In 1891 season, Ingledew was back in the Welsh squad when he was selected for the opening game of the 1891 Championship. Now under the captaincy of William Bowen, as Gould was working in the West Indies, Wales lost the match 7–3. Ingledew's final international game was the second match of the 1891 tournament against Scotland. Wales lost heavily by a goal and six tries and Ingledew, along with his half-back partner Ralph Sweet-Escott were dropped to be replaced by Swansea pairing, brother's Evan and David James.

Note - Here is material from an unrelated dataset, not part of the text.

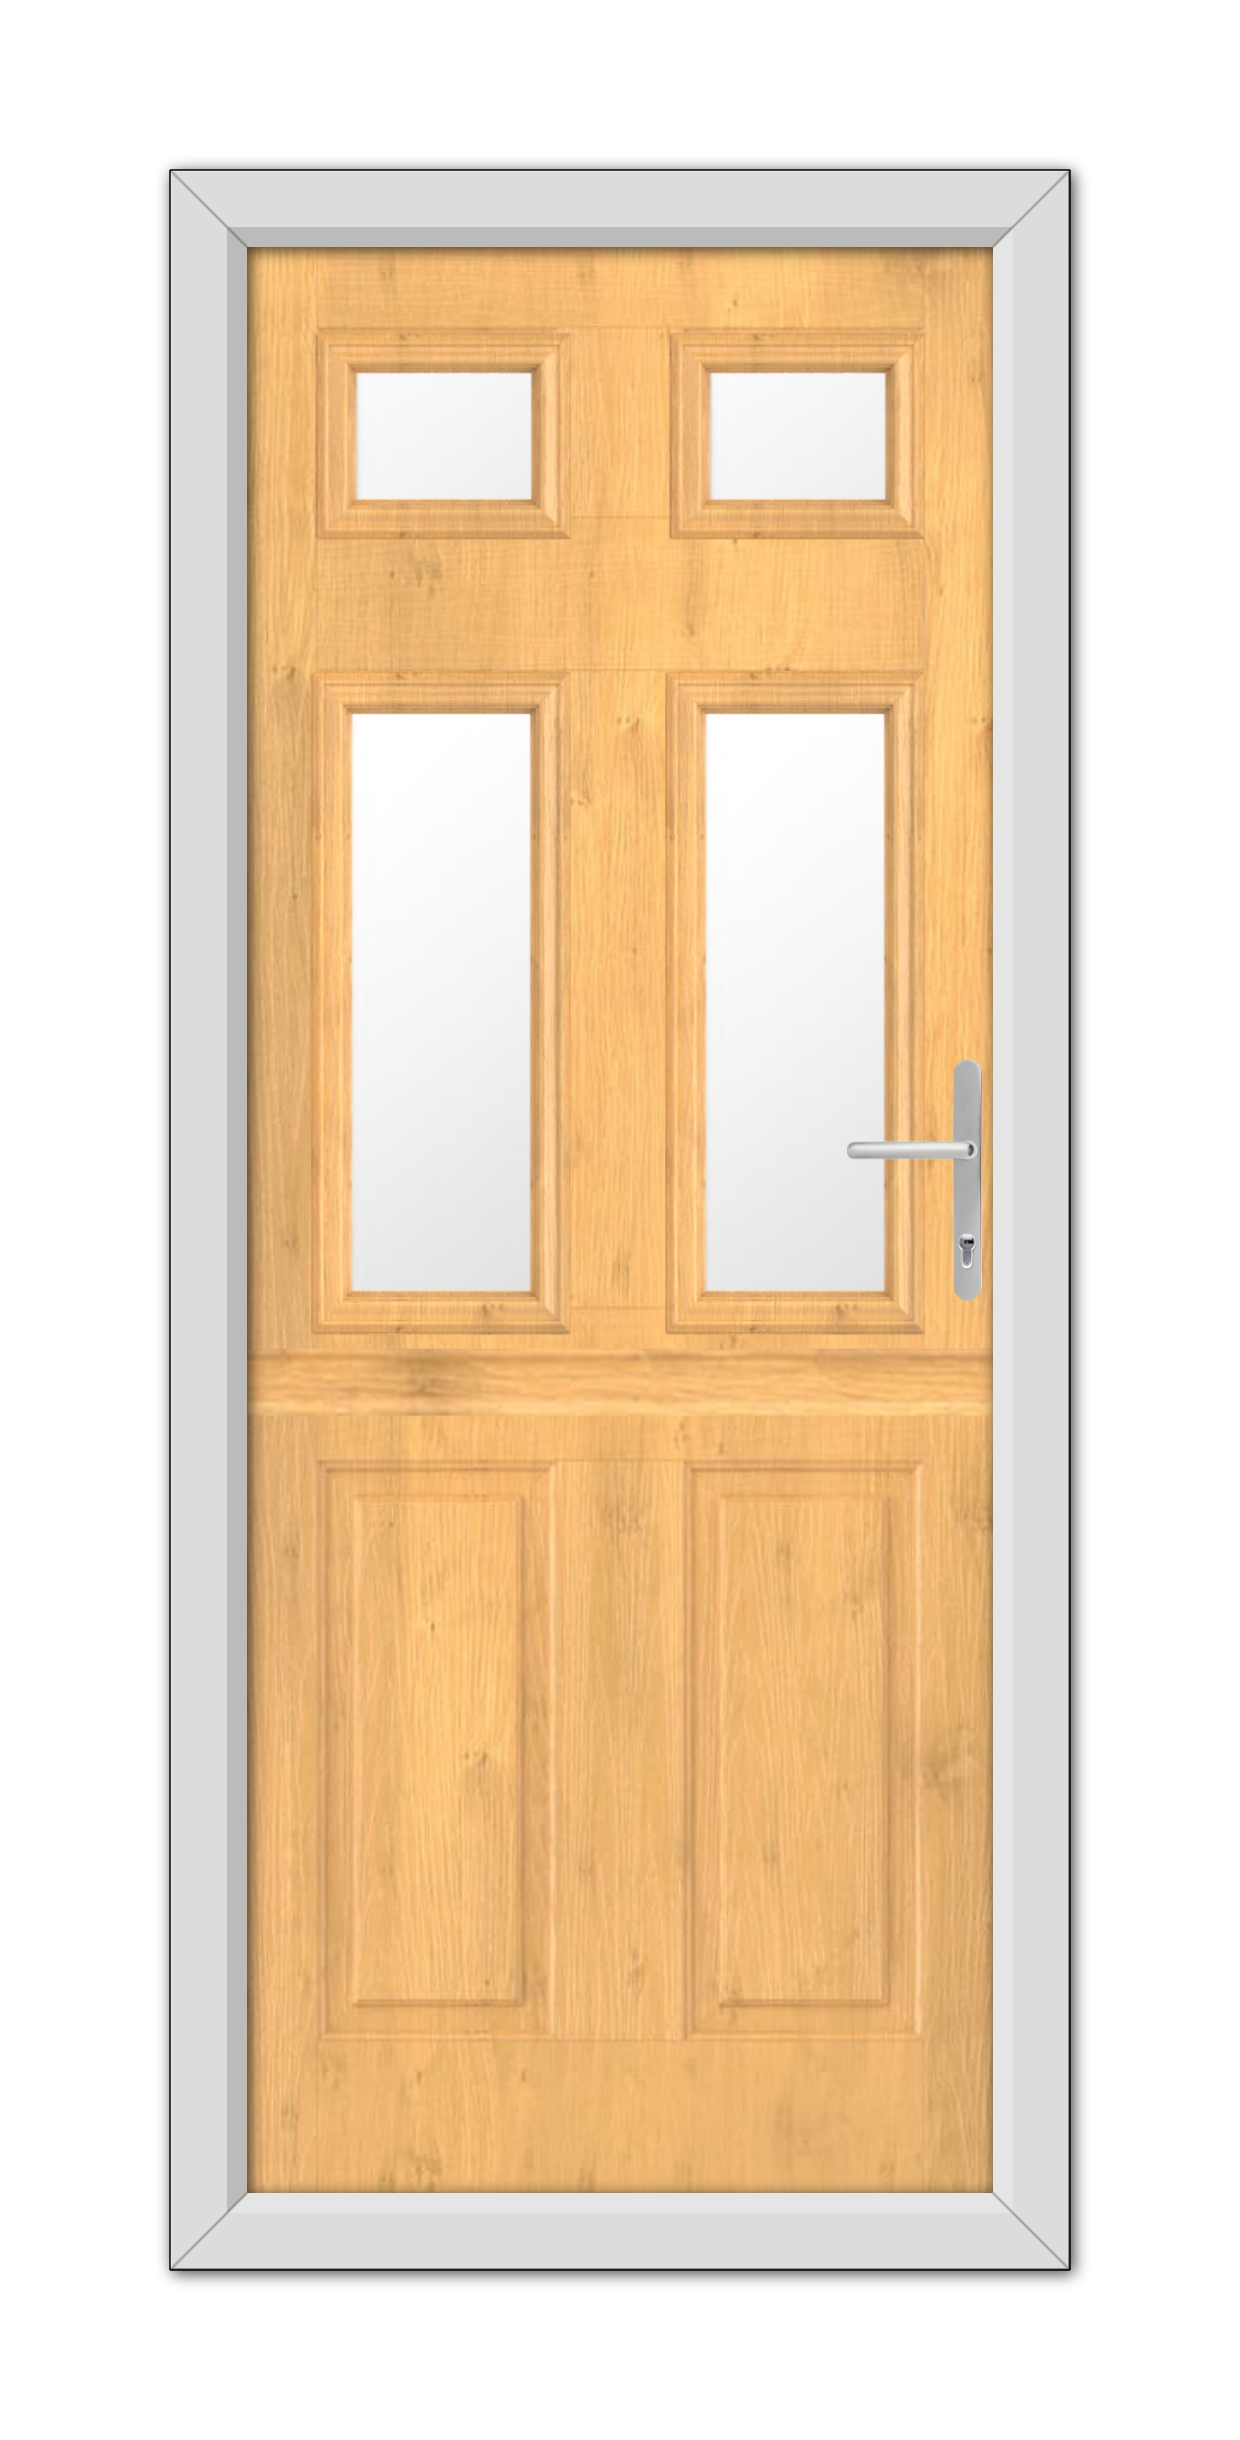 Irish Oak Middleton Glazed 4 Stable Composite Door 48mm Timber Core with glass panels and a silver handle, set within a grey frame.
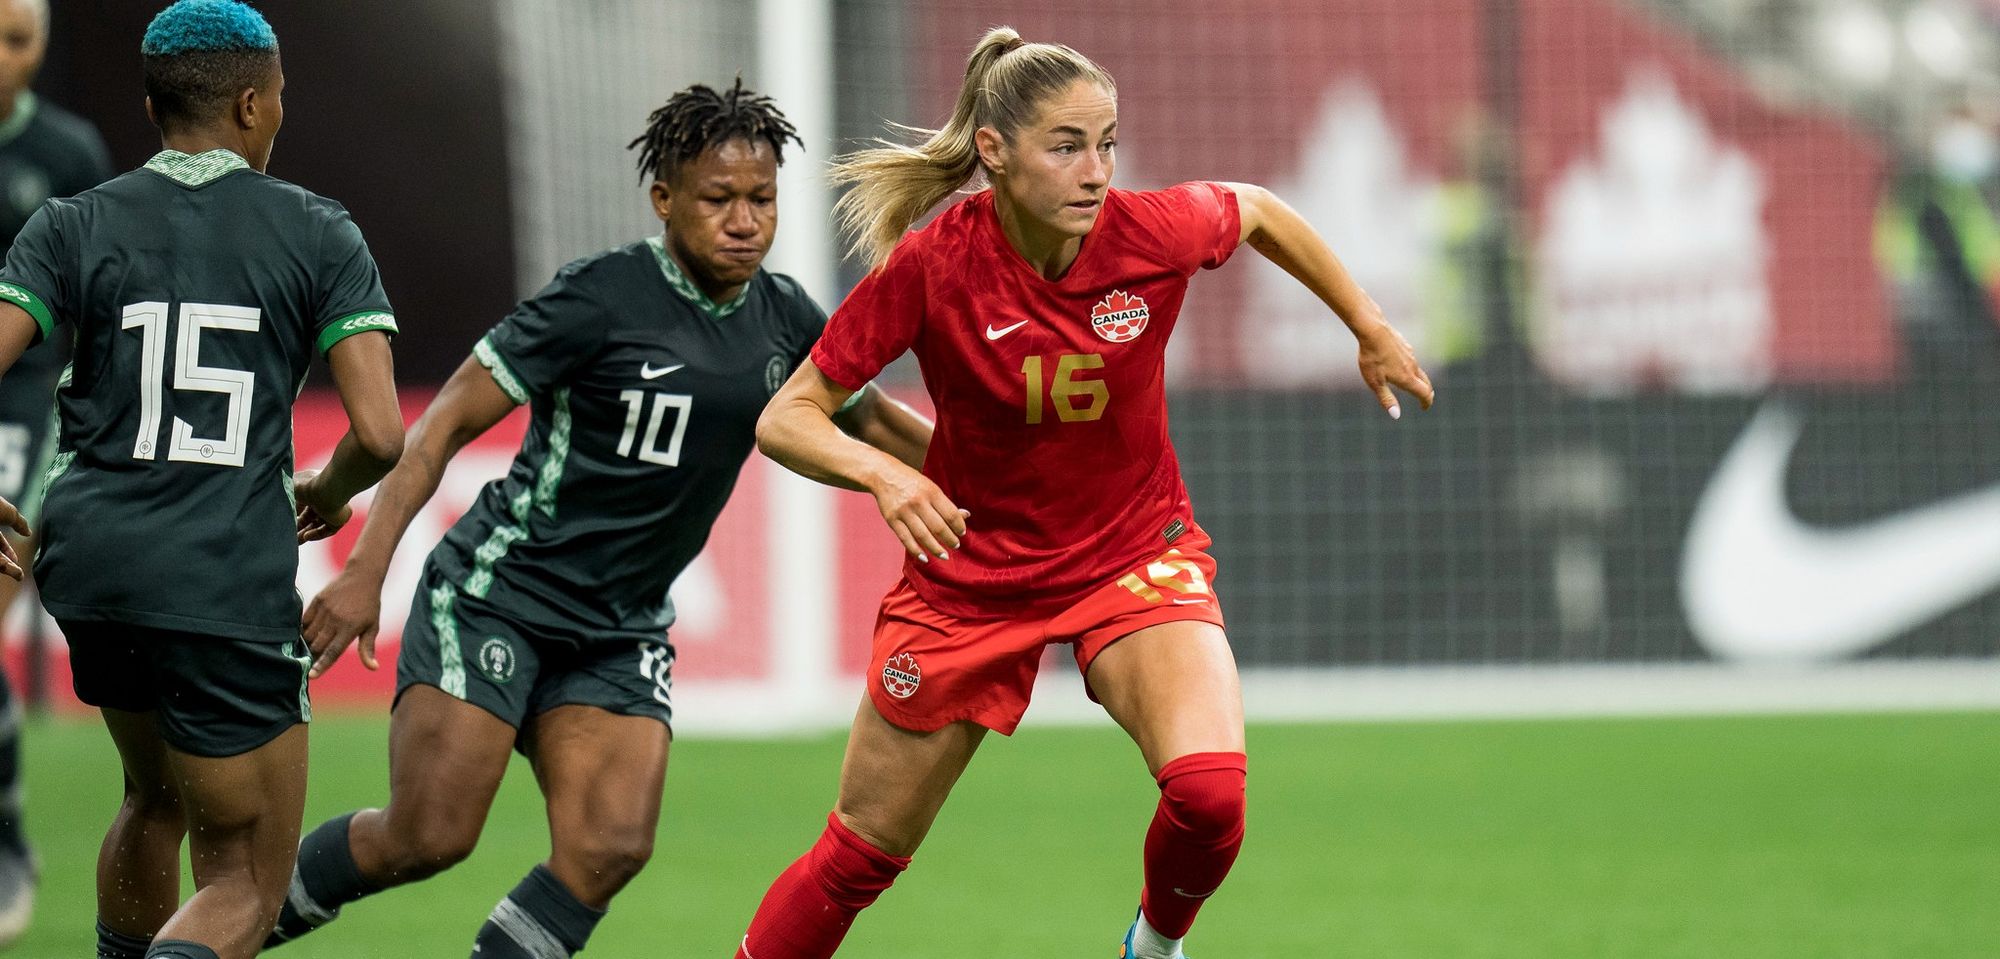 CanWNT Talk: A big win for Canada on a special night

Outside playing rugby, Ingledew was a solicitor, who specialised in railway law. Despite his favoured legal stance in transport law, he was chosen as the solicitor in completing the purchase of the Cardiff Arms Park in 1922. As a former sportsman with connections to cricket, and Cardiff Rugby club, Ingledew helped Cardiff Athletic Club purchase the ground from John Crichton-Stuart, 4th Marquess of Bute, for a sum of £30,000.

===International matches played===
Wales
- 1891
- 1890
- 1891

==Bibliography==
- Godwin, Terry (1984). "The International Rugby Championship 1883–1983"
- Griffiths, John (1987). "The Phoenix Book of International Rugby Records"
- Smith, David (1980). "Fields of Praise: The Official History of The Welsh Rugby Union"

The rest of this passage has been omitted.